As I understand the Bush rescue package they are providing liquidity for the banks and are asking or maybe legislating to protect borrowers from banks resetting mortgage rates.

The Bush recue plan does not provide any liquidity, it is a simple rate freeze applied to a marginal number of households and will have a negligible effect.
 
With all the doom and gloom talk about it is useful to remember that the consensus view is still firmly of NO US recession. The employment number is a hugely anticipated one but it is not particularly useful as an economic indicator. Firstly it is very volatile number subject to huge revisions. Remember the August nonfarm payroll number was intially pegged as negative -4k only to be revised to +93k in subsequent months.
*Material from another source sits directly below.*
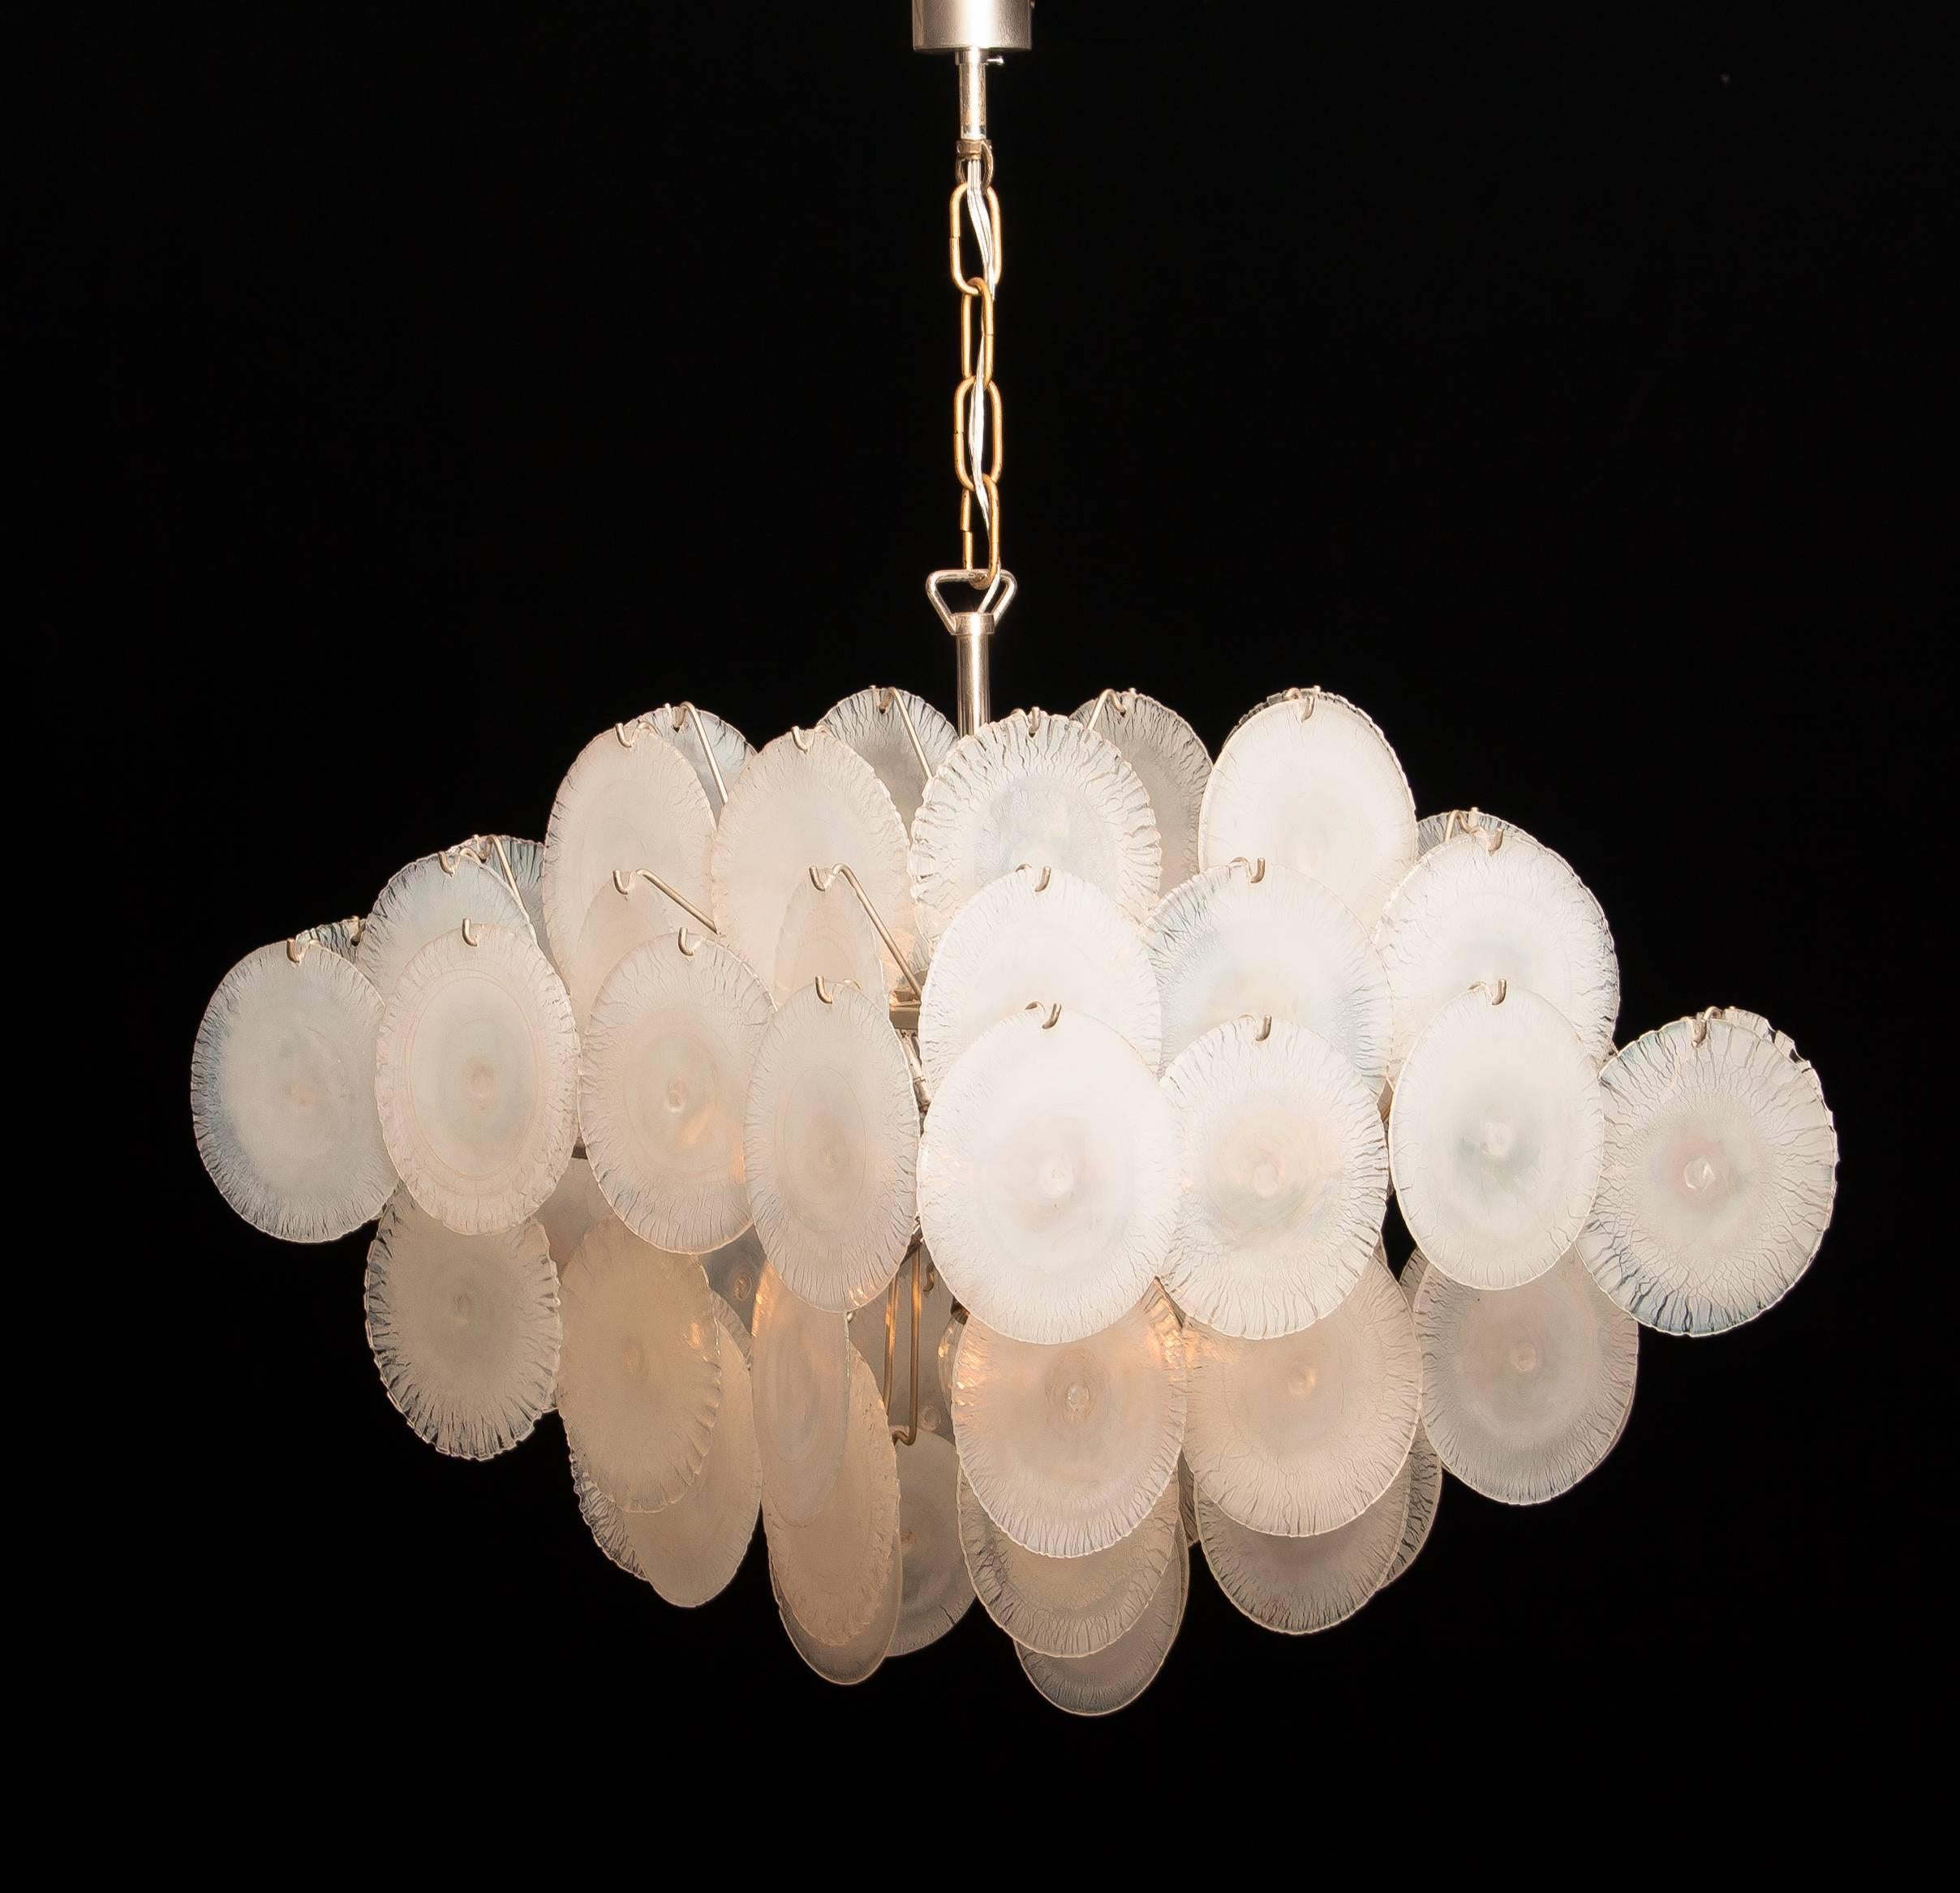 1960s, Set Gino Vistosi Chandeliers with White / Pearl Murano Crystal Discs 11

Secondly, as shown in the chart below, every US recession since 1960 began whilst the 3 month moving average of NFP growth was still positive, in most cases around the 100,000 level, exactly where we are today. Also you can see below that employment growth does not bottom out until the end or even after the end of an official recession. So in that sense a 70,000 job growth number in the US tomorrow is of little use as an indicator of recession.

A daily free newsletter by Chuck Butler (Everbank), can find through the Kitco site, often discusses the job numbers among many other Forex trading matters. Only a few months back the job number was 260,000 as compared to the 70,000 you quote. The issue that is glaring if one looks deeper is the rhetorical spin from Wall street prior to the release of such figures. If the number to come out is a drop Wall Street pundits will bandi about an expected number some 20 or 30% below the actual so that when the news is released the headline "Much Better than Expected" takes centre stage and away the market goes again.
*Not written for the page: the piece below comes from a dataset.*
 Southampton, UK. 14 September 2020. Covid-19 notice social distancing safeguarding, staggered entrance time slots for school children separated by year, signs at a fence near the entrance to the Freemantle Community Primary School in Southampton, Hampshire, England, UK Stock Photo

In these uncertain times it is worth while listening to some of the news releases directly rather than through the full media filter to your home newspapar. I tend to keep a lot of past figures and charts on my wall above the computer screen for refence. Watch the bugg-rs.

Was listening to ABC radio business roundup this morning and commentator saying that he thought probably US would not go into recession. Spare may days, if you follow the figures properly they have been in it for some months and the situation is dire. If you dont' wake the sheep up we may be able to slaughter the lot of em without a sound.